Доброе и рассудительное животное никогда не будет перечить хозяину. Терпеливо снося побои, всегда довезет тебя до нужного места. За ведро воды и пучок сена. Терпение – это именно то, что отличает этих благородных животных от людей, ими владеющими.
Строптивое и своенравное животное может укусить или лягнуть. Такой конь сбрасывает наездника при малейшем для себя дискомфорте. Такое животное может «понести». Это когда вы все сидите на «колесах», спокойно трясетесь по пыльно грунтовке в сторону дома. Маршрут знакомый до кустика, до каждого камня на обочине. Вы сидите, опершись спинами друг о друга, осматривая поля до горизонта и пытаетесь в облаках рассмотреть знакомые очертания сказочных существ. Как вдруг телегу начинает неистово трясти и топот копыт, о твердый как асфальт грунт дороги увеличивается в темпе.

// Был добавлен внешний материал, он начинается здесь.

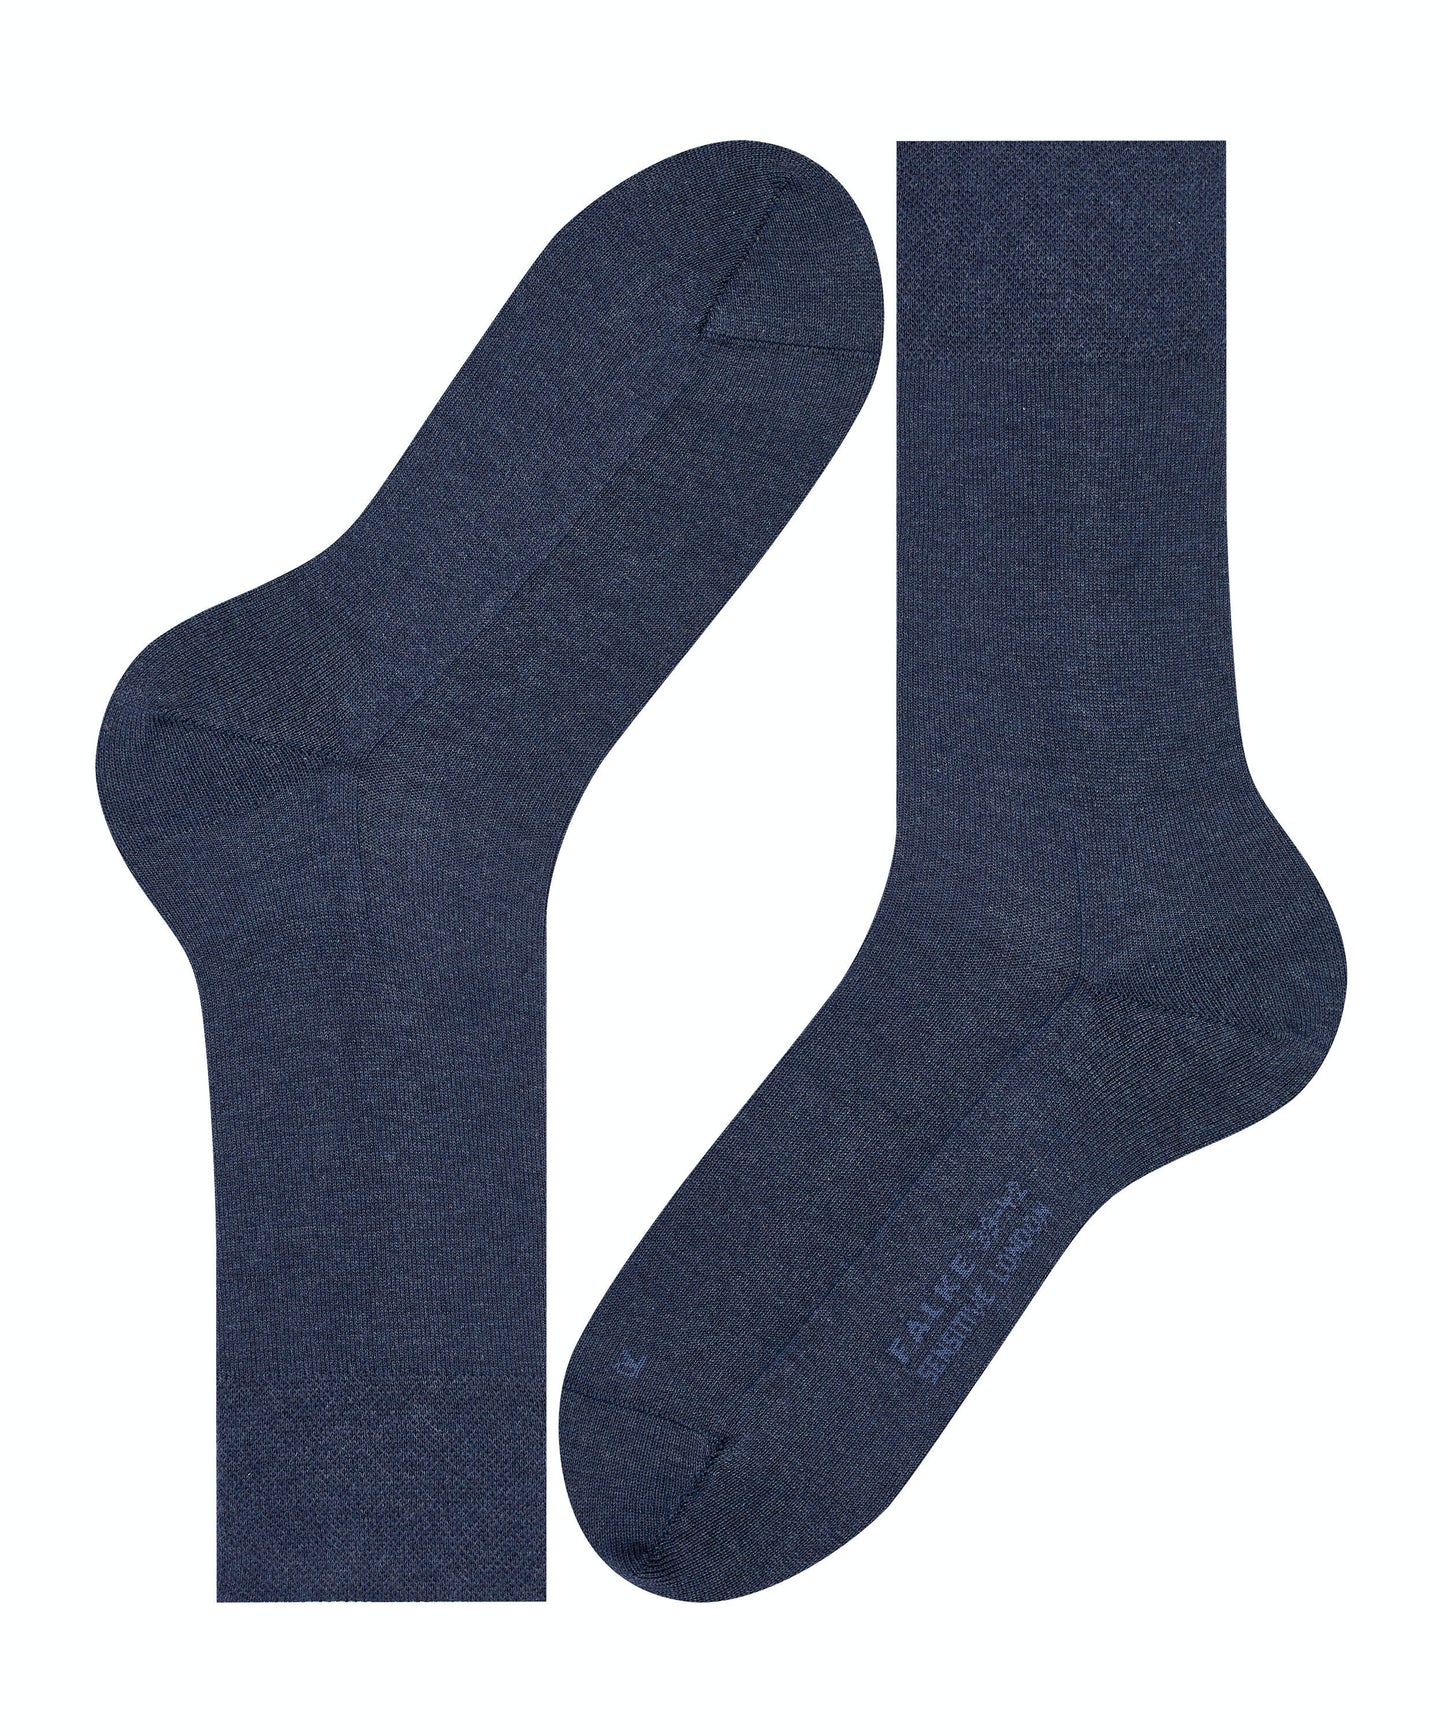 FALKE Sensitive London Socks Navy Melange

- Понесла кобыла! – злобно сквозь зубы зарычит дядя Гриша. – Я тебя щас дам! Дети дяржыцесь там!
И мы сильнее упираемся спинами друг в друга, а ногами в борта, локти в замок и стараемся рассмотреть, что там происходит. Кобыла ускоряет бег. Дядя Гриша стоит на колене, а вторая нога упирается в передний борт, вожжи натянуты, как струны, голова животного то запрокидывалась назад, то резко уходила в сторону. Пена летела хлопьями, а хвост бешено бился о передний борт, о дядьку и по разгоряченным бокам коня.
- Тпр-ру, скотина! Стой! – лицо дяди Гриши было страшно-красным, вены вылезли и вздулись молниями на шее, лбу и опутали все предплечья. – Эх, тпру! Стой, кому говорят! Блядь!

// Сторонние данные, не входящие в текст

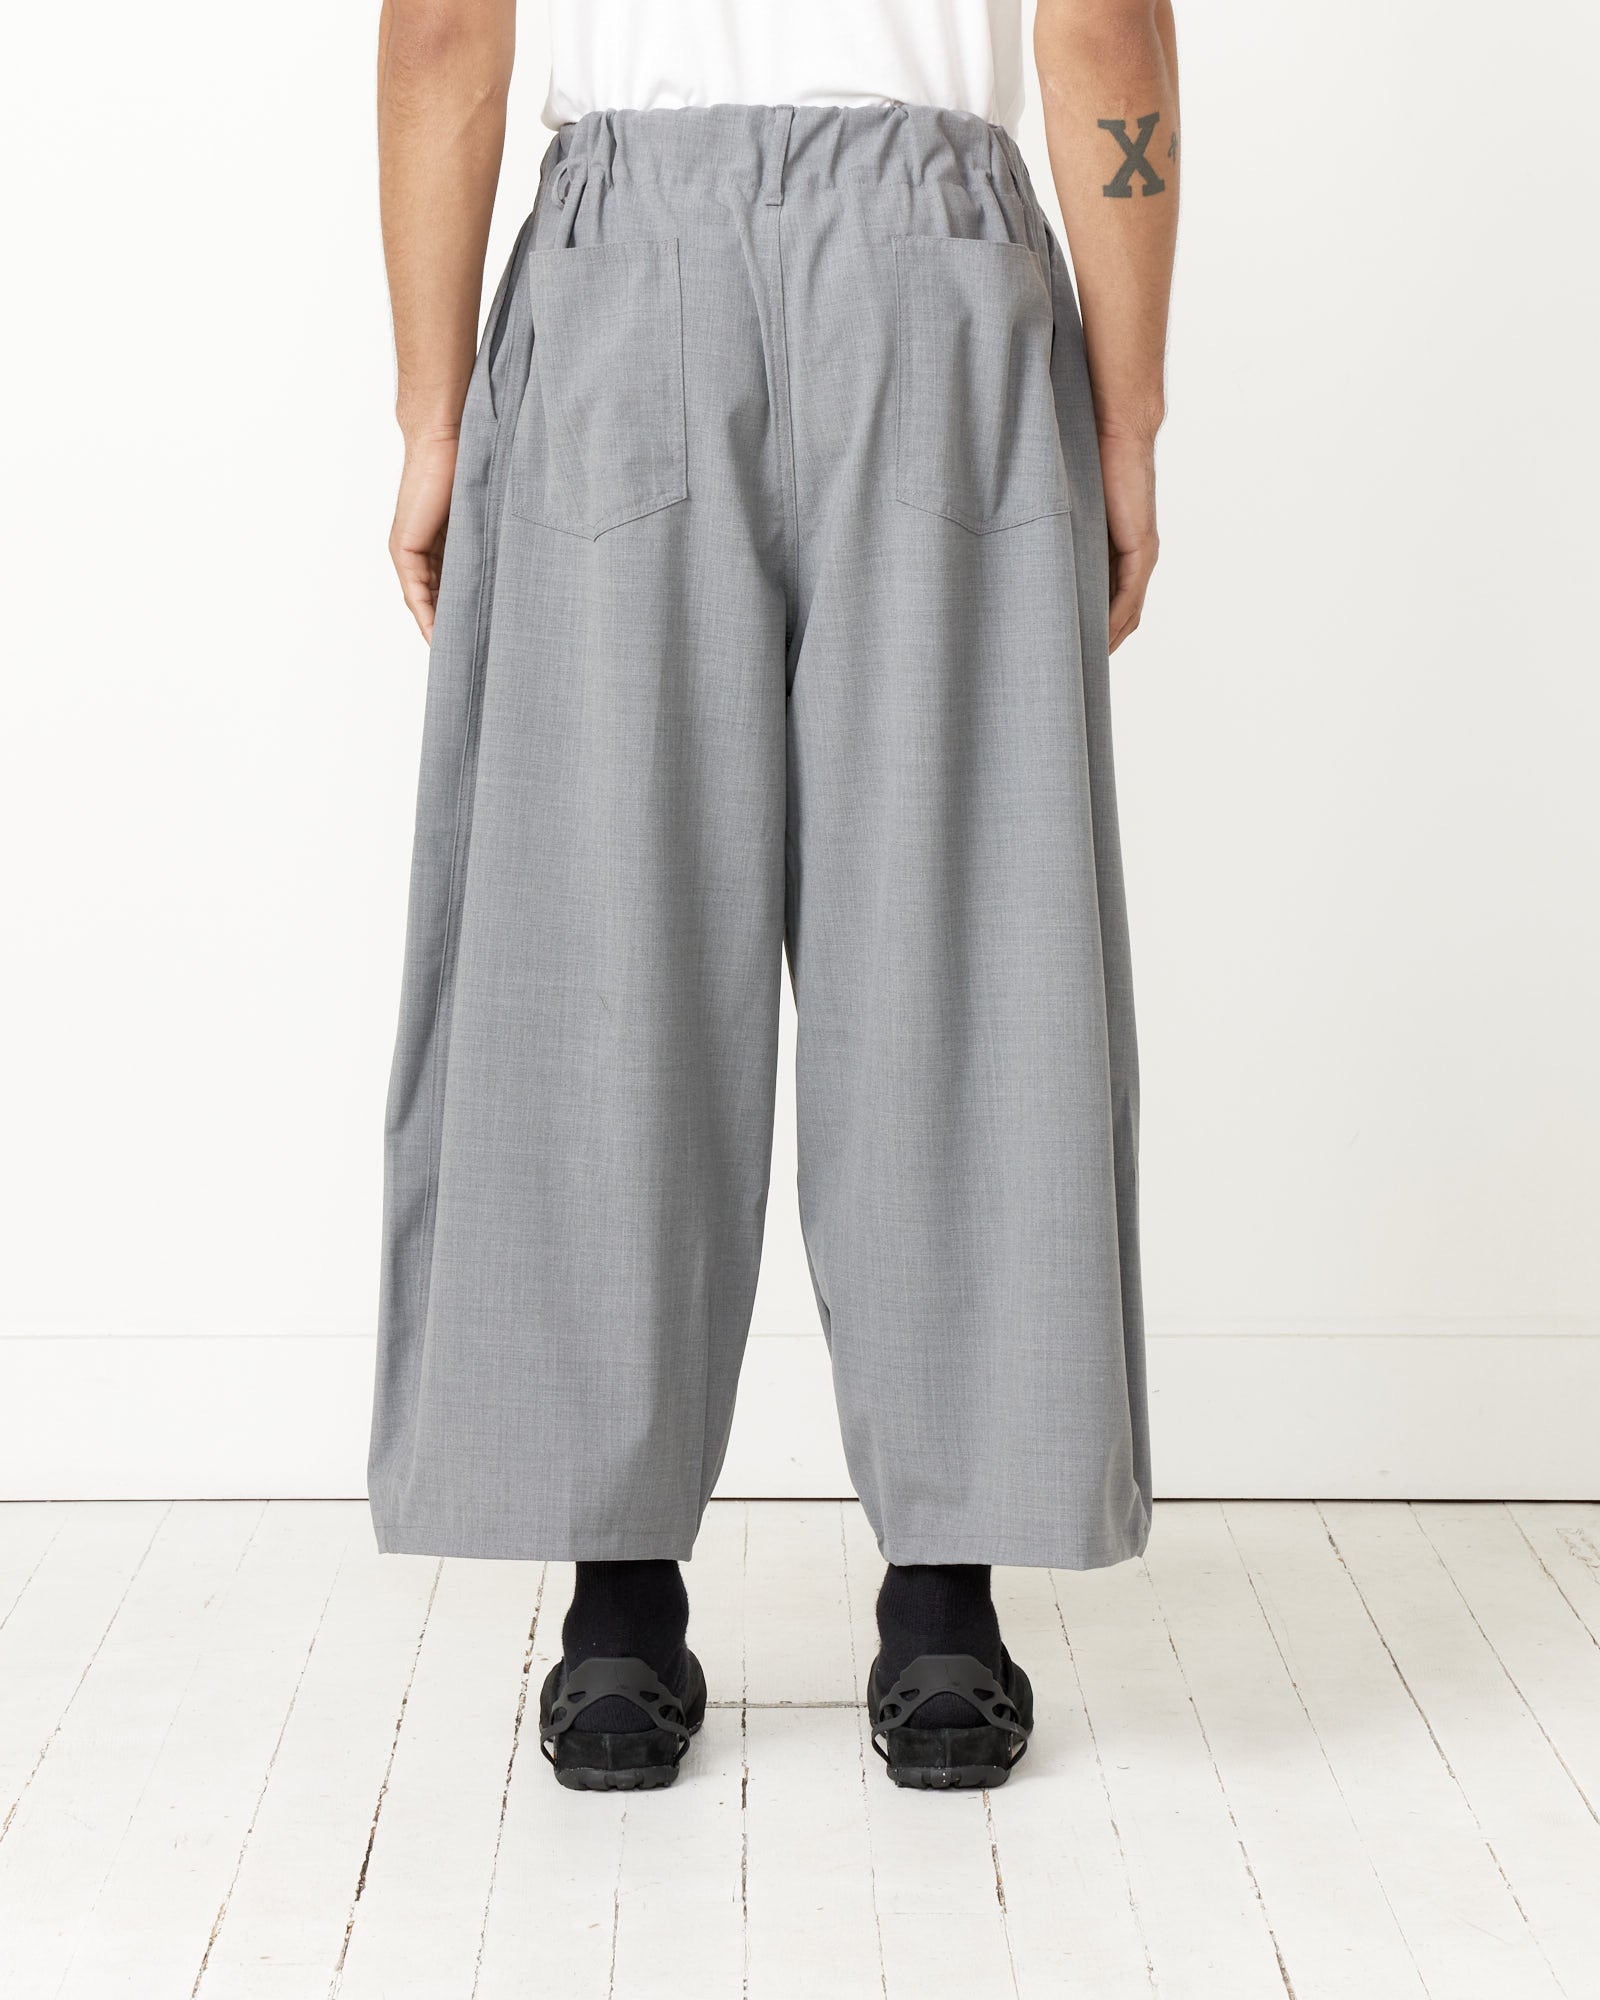 Essential Circular Pants in Grey

Телега подпрыгивала на ухабах, норовя перевернуться. Мы уже отпустили друг друга и вцепились в доски, благо дно телеги сбивалось так, чтобы между досками было расстояние для стока воды и вентиляции слоя сена. Лишь бы не перевернуться! Я смотрел на лицо Гришки, который начал смеяться в какой-то момент. И мне немного полегчало…
Иногда нам больно прилетало концом пуги, периодически меняя положение ног, дядька задевал кого-то из нас, но мы терпели и ждали.
- Дзяржыцесь, малыя! Зараз станем!
И правда, спустя пару минут бег замедлился, и мы съехали в поле. Дядька спрыгнул с колес на землю, обмотал вожжи вокруг дерева и достал «Приму», улыбаясь во весь рот, сверкая золотыми зубами, вперемешку с промежутками в них.
- Ну, что, малышня, абасцались? – и как-то весело заржал, видя наши перекошенные от ужаса физиономии.
- Сидите тут. Схажу за вадой, - и выдохнув облако дыма, подошел к морде кобылы. – А ты – дурыла! – и потрепал ее по ноздрям, вытащил из пасти удила, закинув на загривок все ремни.
Лошадь, как ни в чем не бывало, наклонилась к траве и оторвав приличный кусок, безмятежно погрузилась в процесс жевания. А мы валялись, раскинув руки. Над нами было небо, через нас прыгали кузнечики, шумел ветер и где-то высоко пел жаворонок. Так долго можно было лежать, слушая ветер в листве над нами, как фыркает и тяжело дышит лошадь, лупя себя хвостом, отгоняя мух, слепней и комаров.
- А чего она так? – спросил я у брата.
- Бывае… - просто ответил Гришка. – Можа волка пачула… Хаця… Яна дурная трохи. Бацьку спросим.
- Воооот! – дядька поднес ведро воды к морде кобылы. – Давай, пей!
Мы с удовольствием смотрели как жадно лошадь хватала воду, периодически вздрагивая всем телом, как будто электрический ток проходил по ее бокам. Дядька, зажав сигарету уголком рта, продолжал улыбаться, глядя на нас.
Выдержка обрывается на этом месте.